- Dataset extract
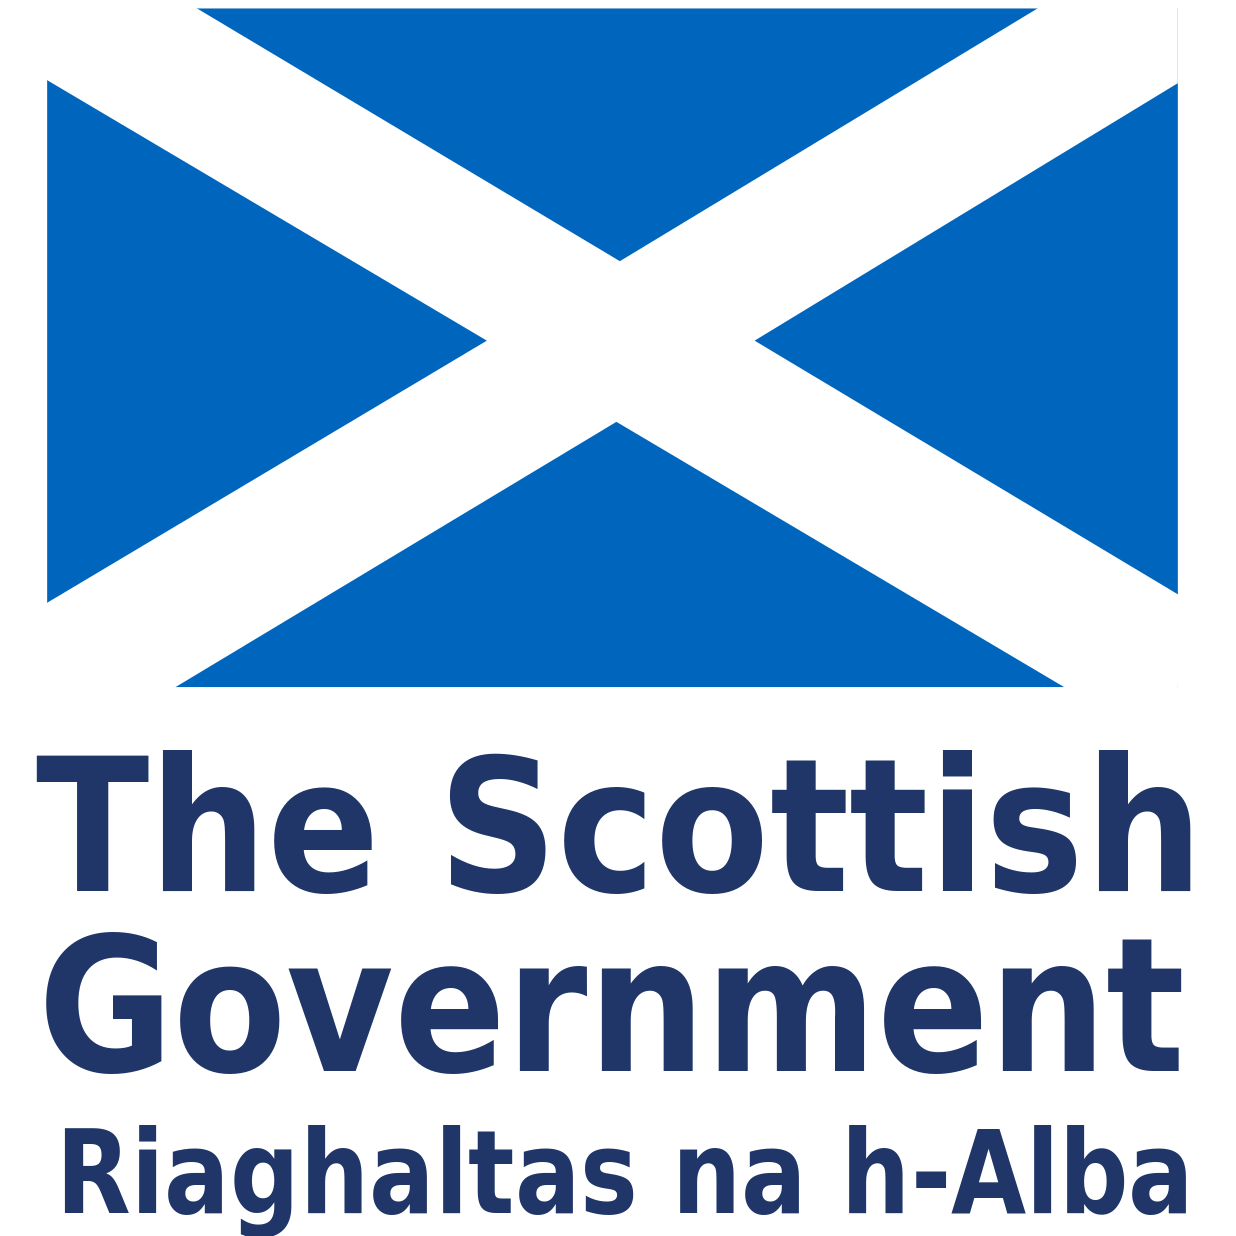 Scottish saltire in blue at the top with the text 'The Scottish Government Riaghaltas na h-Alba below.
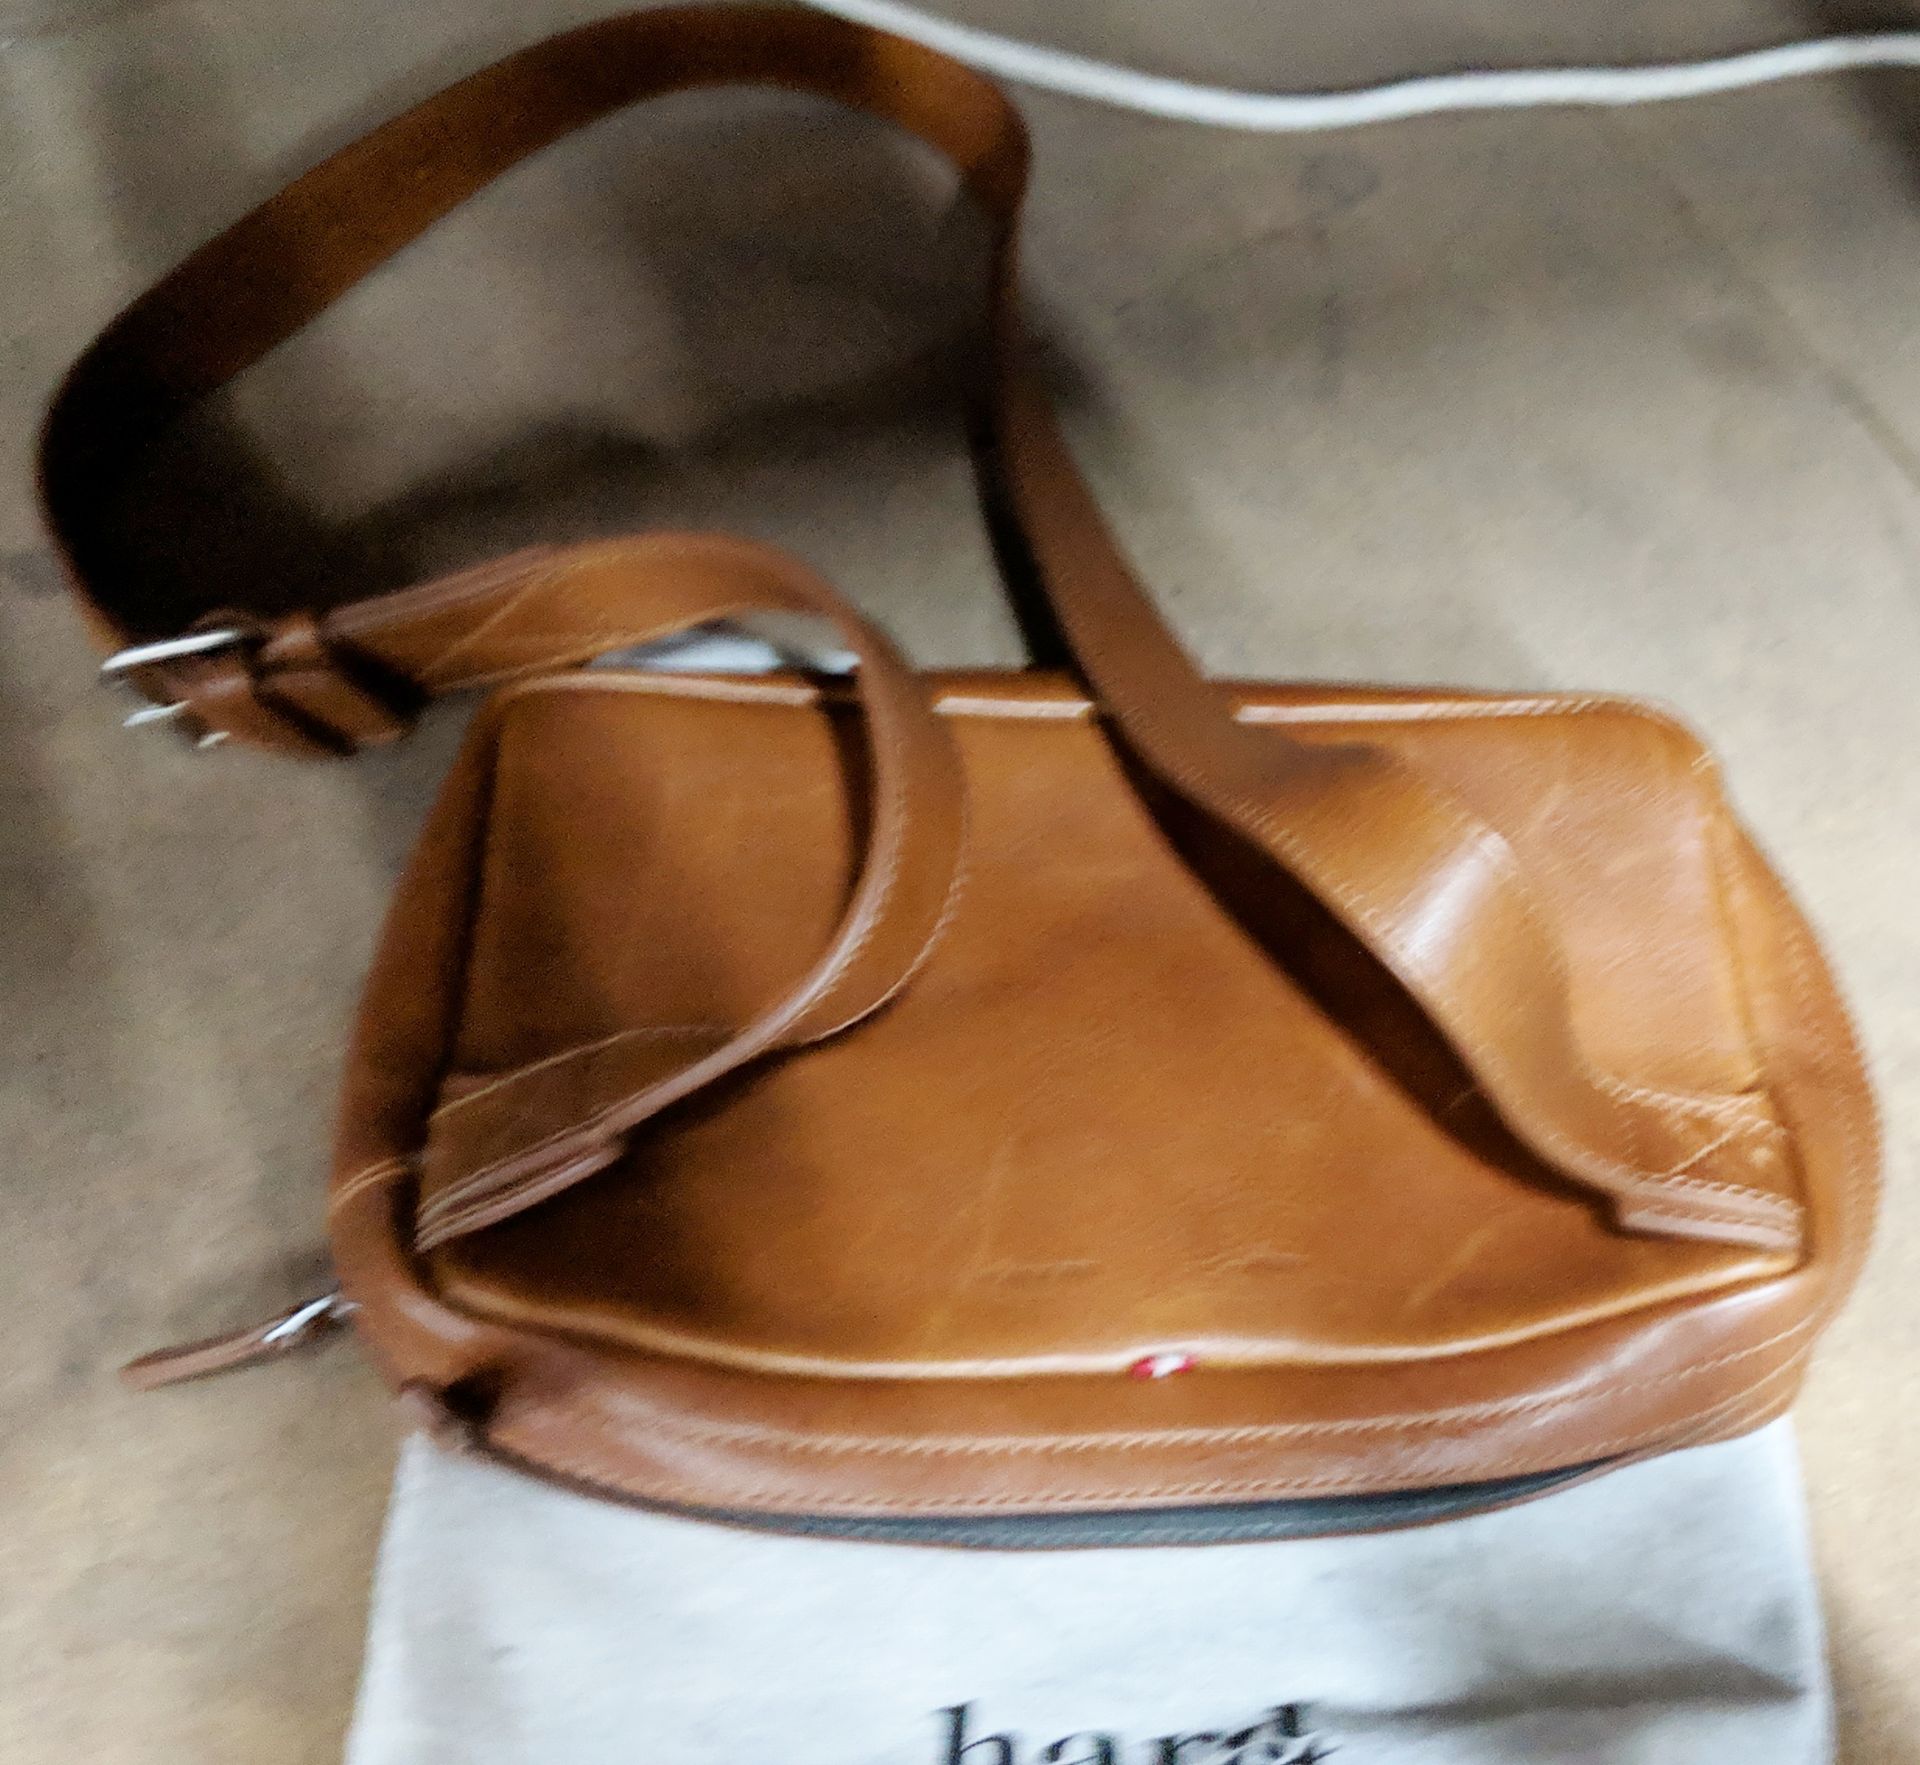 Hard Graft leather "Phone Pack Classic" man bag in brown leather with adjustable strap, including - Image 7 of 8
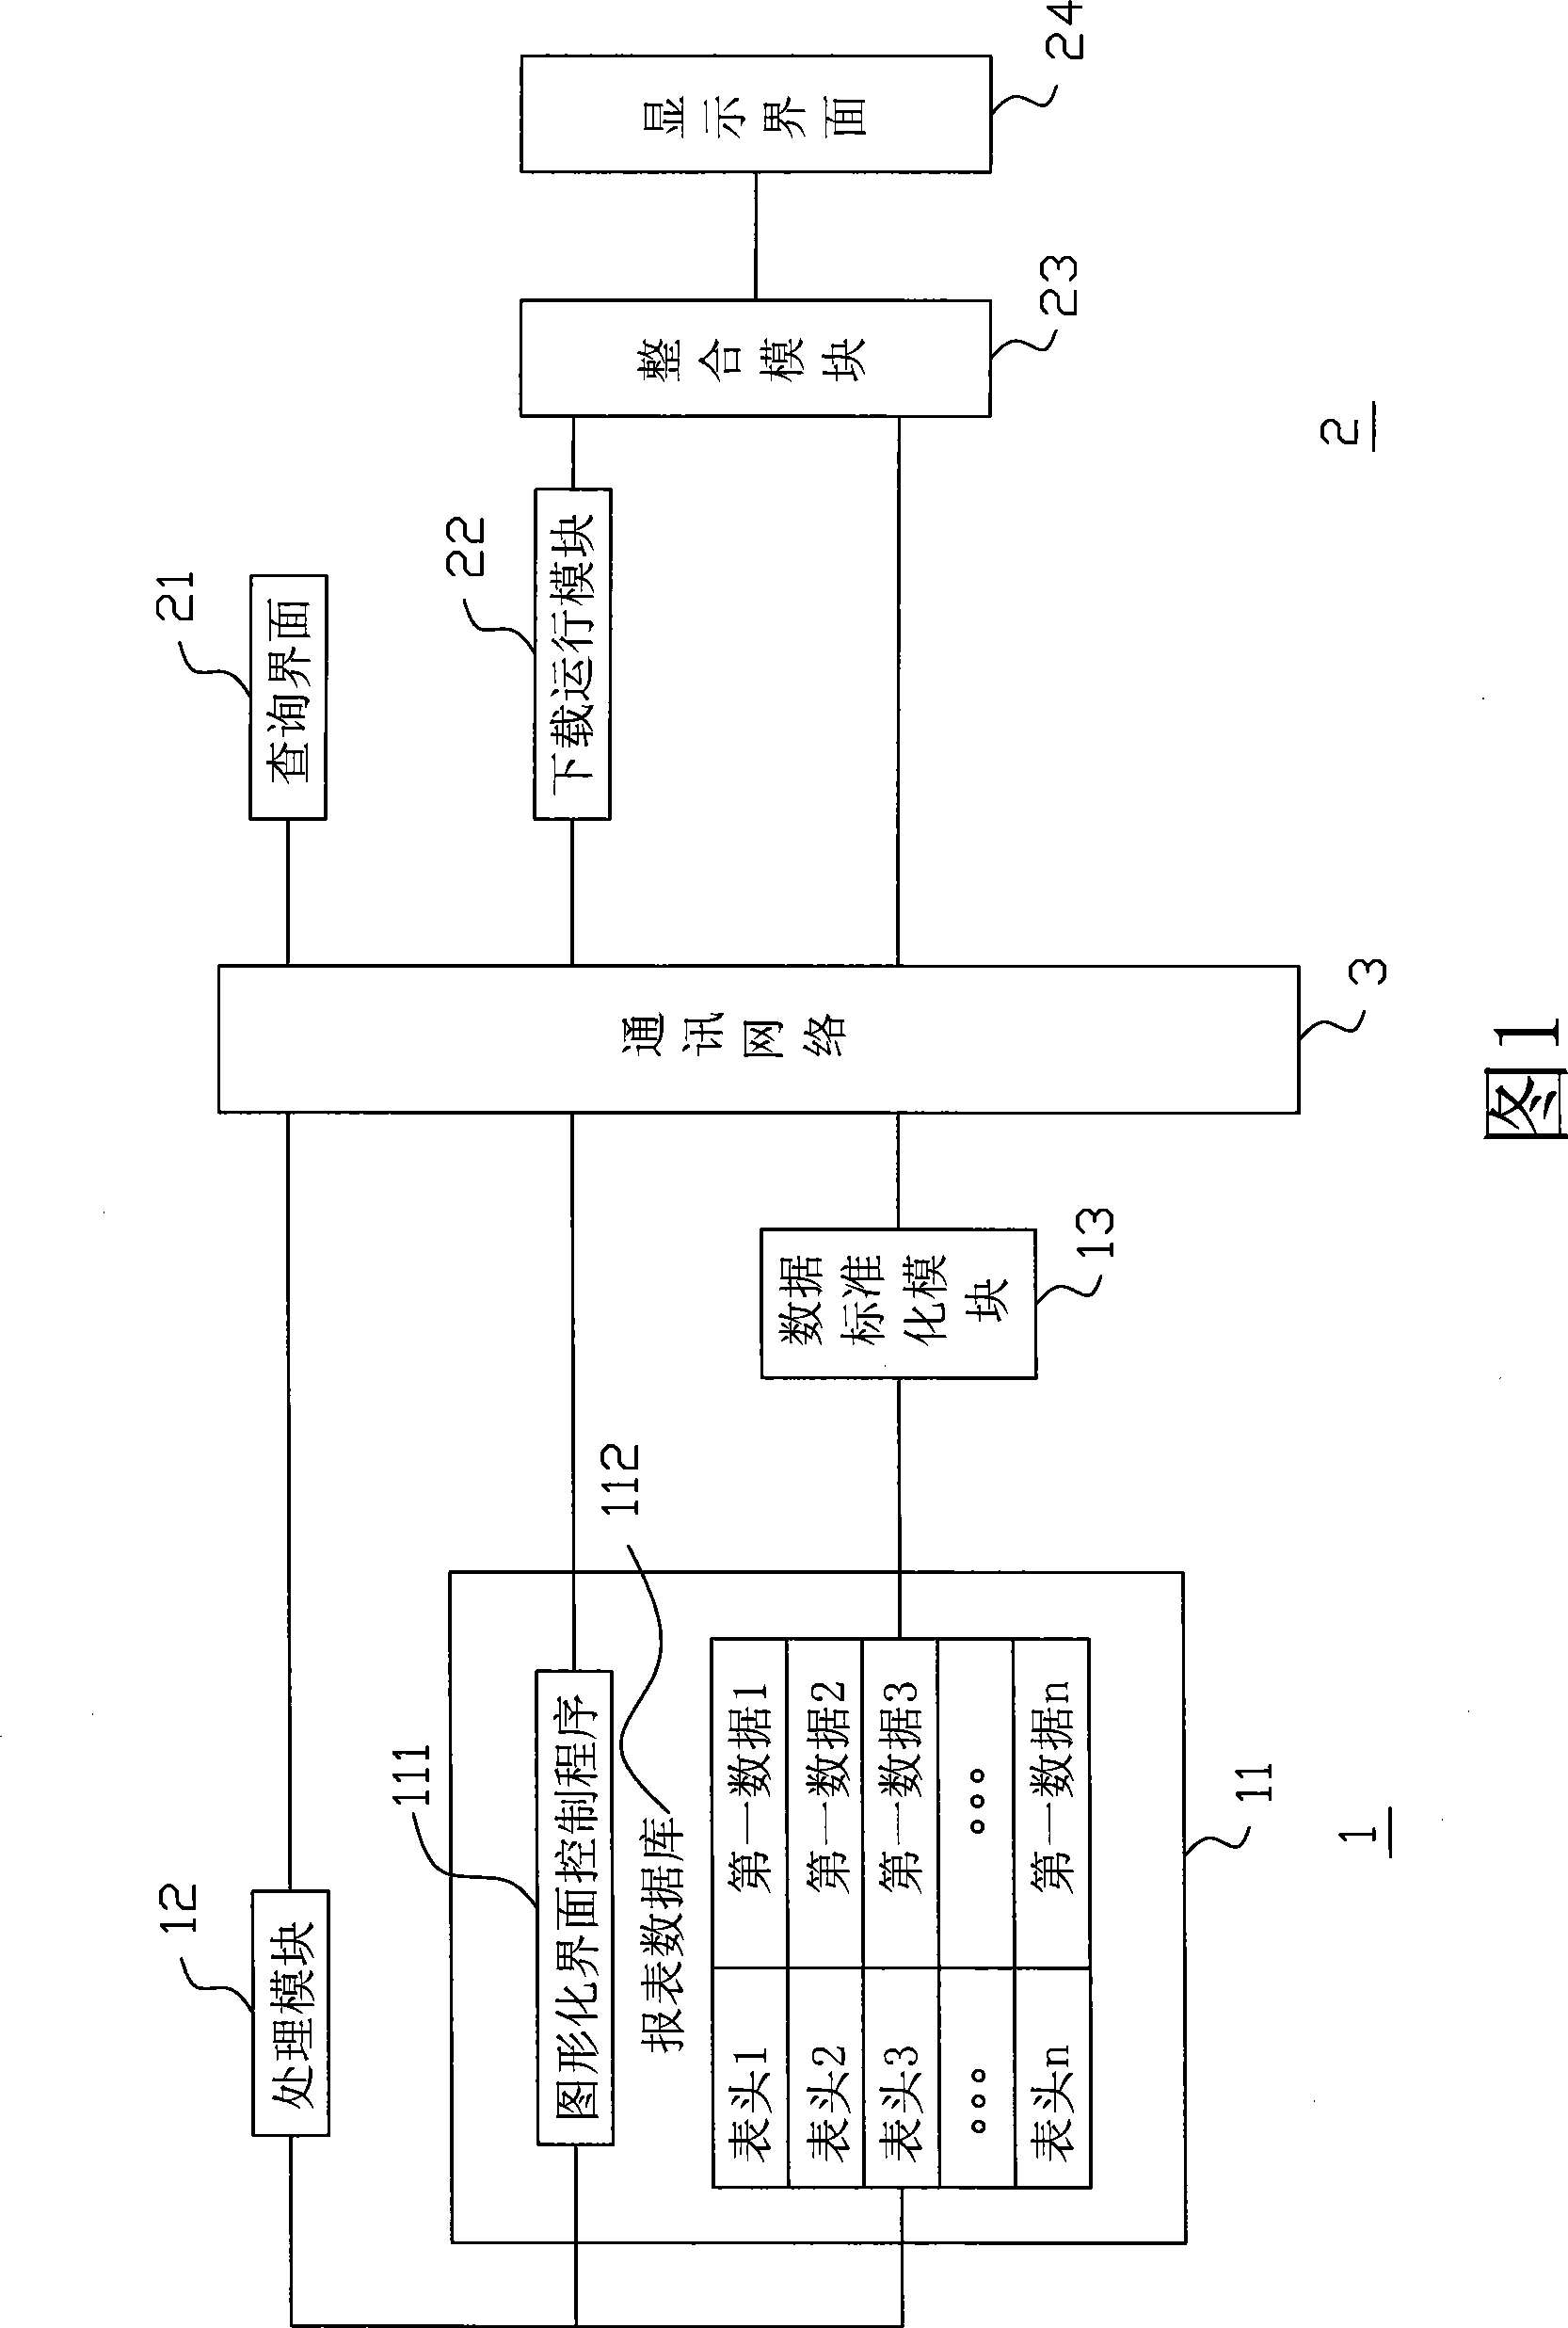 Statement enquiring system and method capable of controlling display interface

- Task to carry out
Produce an exact copy of each line of data, skipping embedded images.

- Worked solution
 Scottish saltire in blue at the top with the text 'The Scottish Government Riaghaltas na h-Alba below.
 Hard Graft leather "Phone Pack Classic" man bag in brown leather with adjustable strap, including - Image 7 of 8
 Statement enquiring system and method capable of controlling display interface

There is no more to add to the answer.